## DATA TO EXAMINE
<<<<

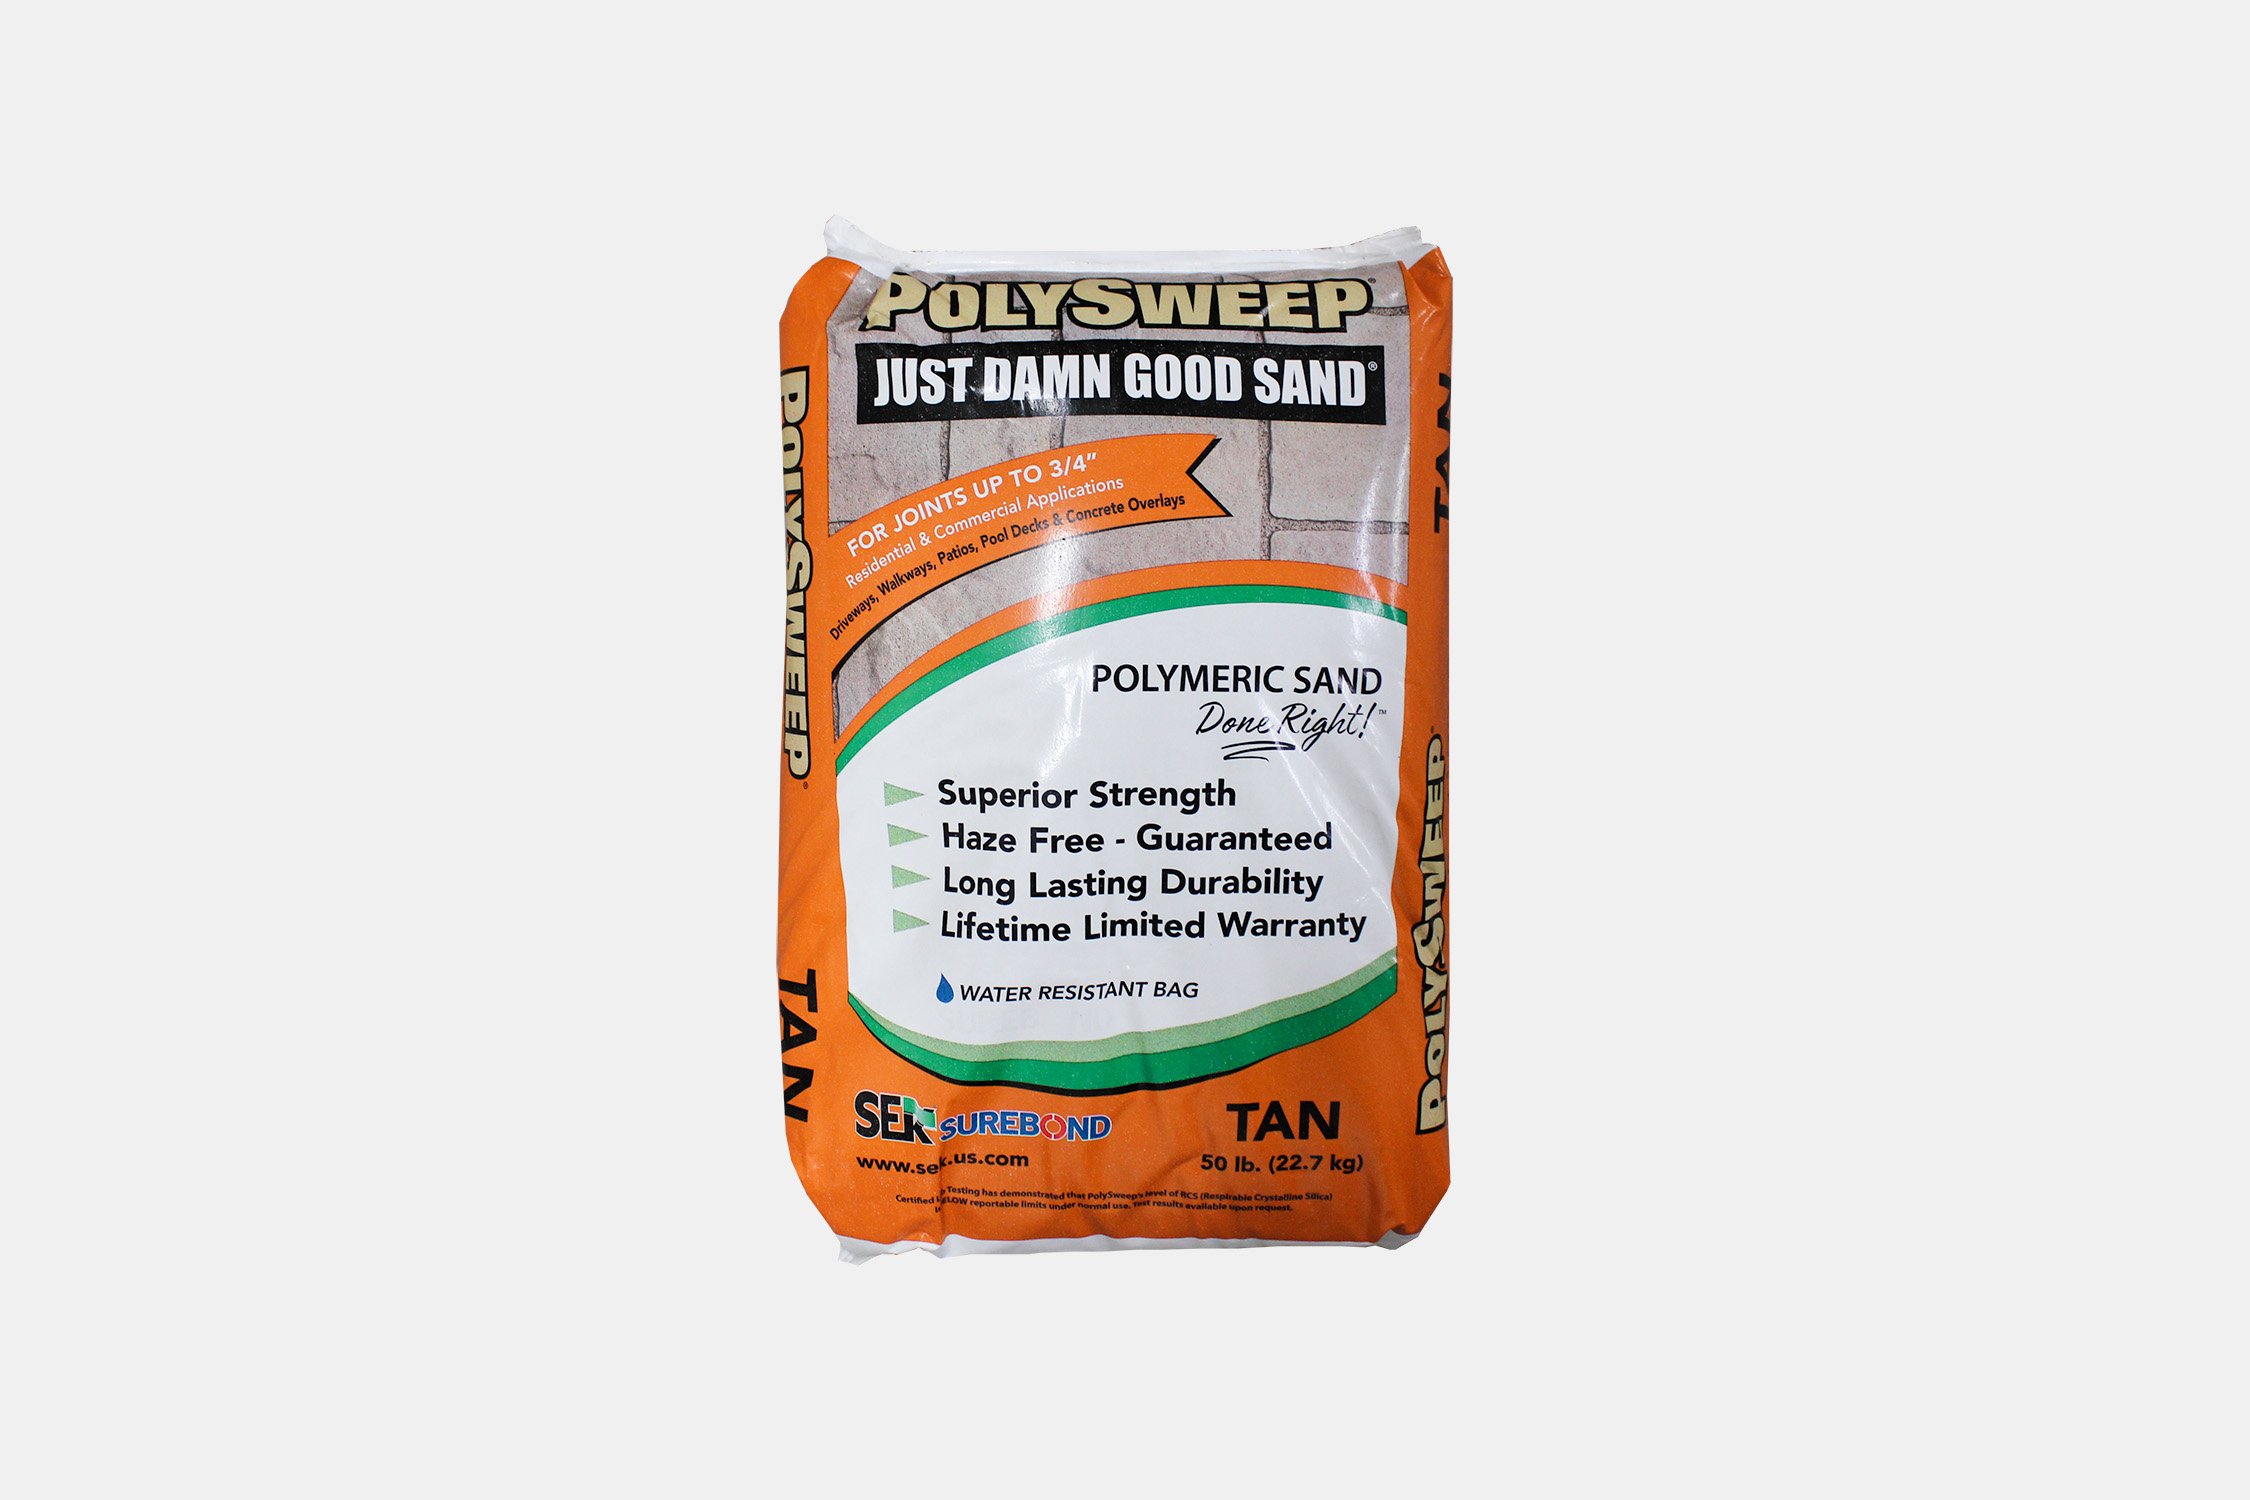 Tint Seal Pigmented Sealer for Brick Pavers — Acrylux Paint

>>>>
<<<<

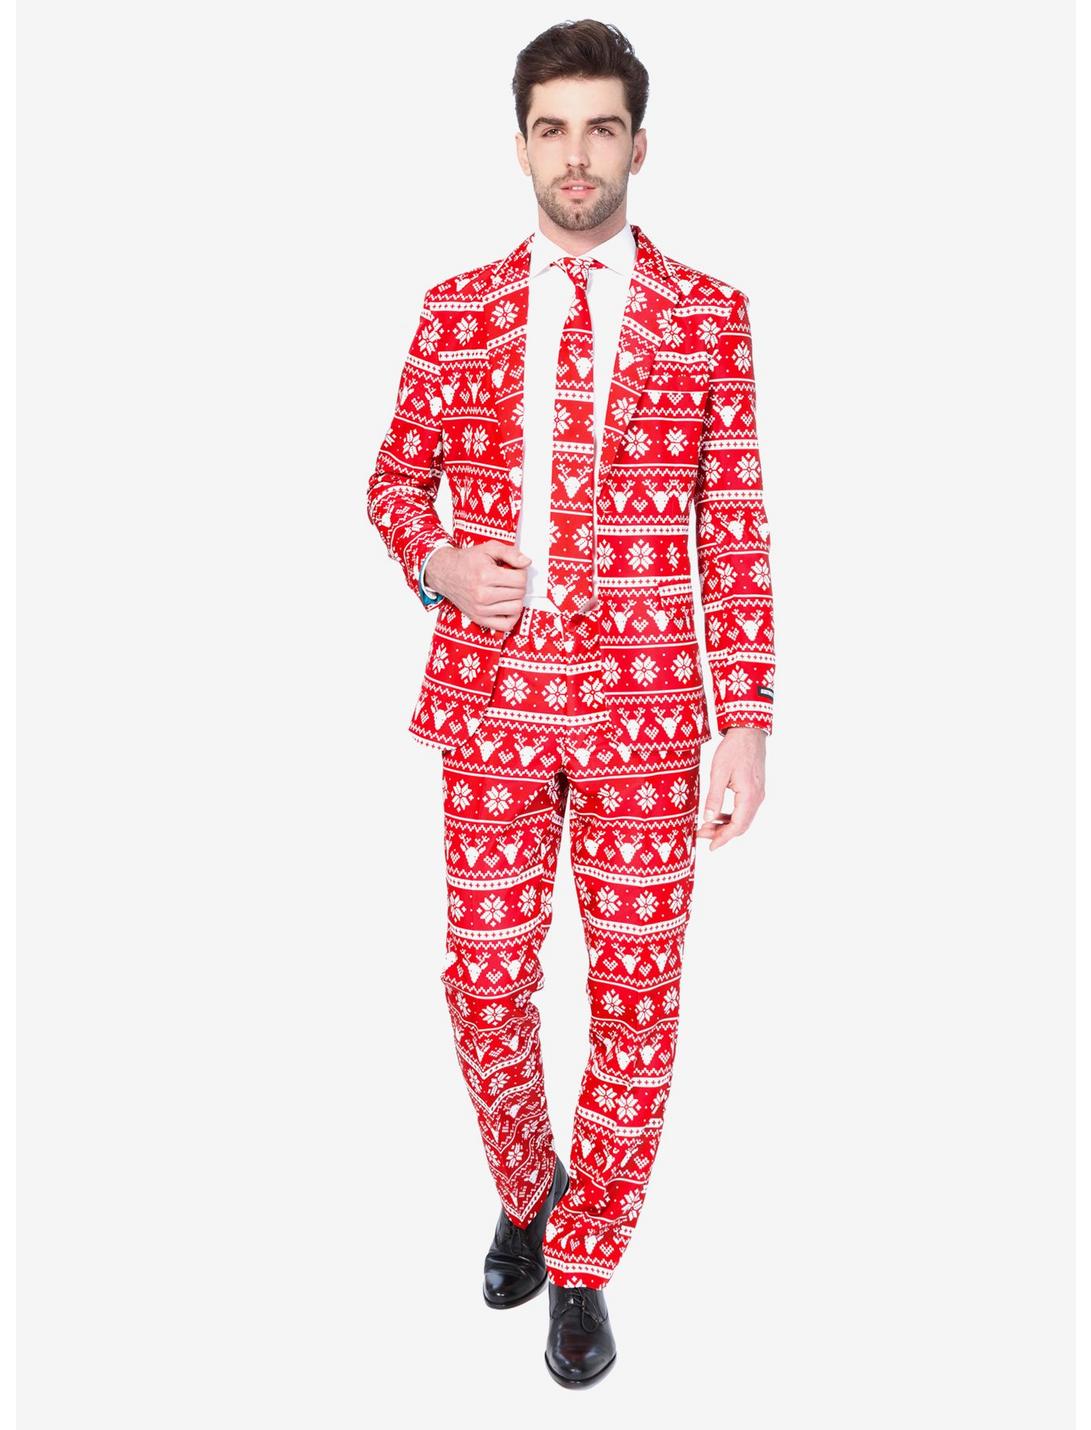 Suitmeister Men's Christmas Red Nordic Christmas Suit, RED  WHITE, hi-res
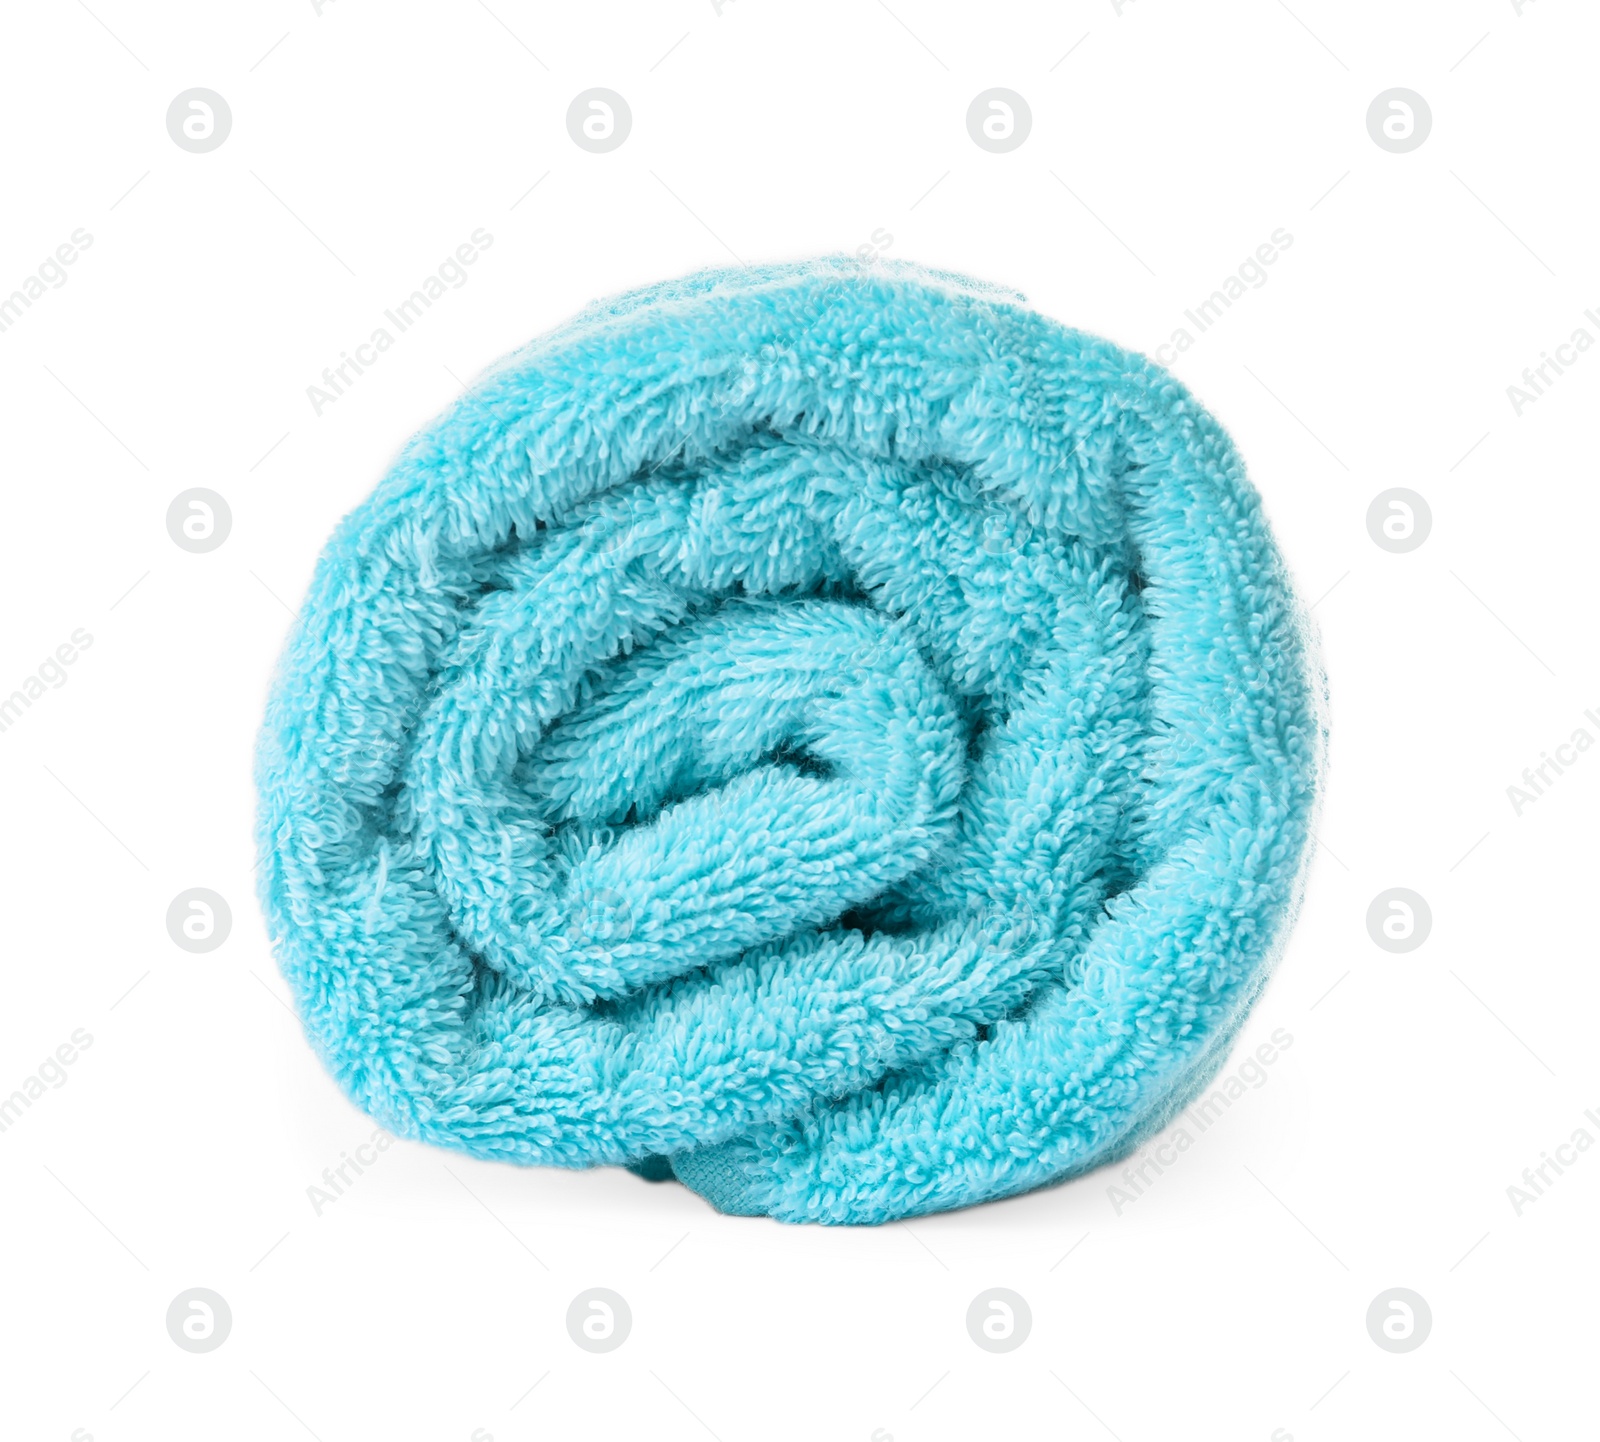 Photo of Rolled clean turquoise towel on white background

>>>>

## WHAT THE TASK ASKS
Looking at the listing above, which lines run from the one containing "Suitmeister Men's Christmas" through the one containing "Photo of Rolled"? Print exactly those, ends included, pictures excluded.

## WRITTEN SOLUTION
 Suitmeister Men's Christmas Red Nordic Christmas Suit, RED  WHITE, hi-res
 Photo of Rolled clean turquoise towel on white background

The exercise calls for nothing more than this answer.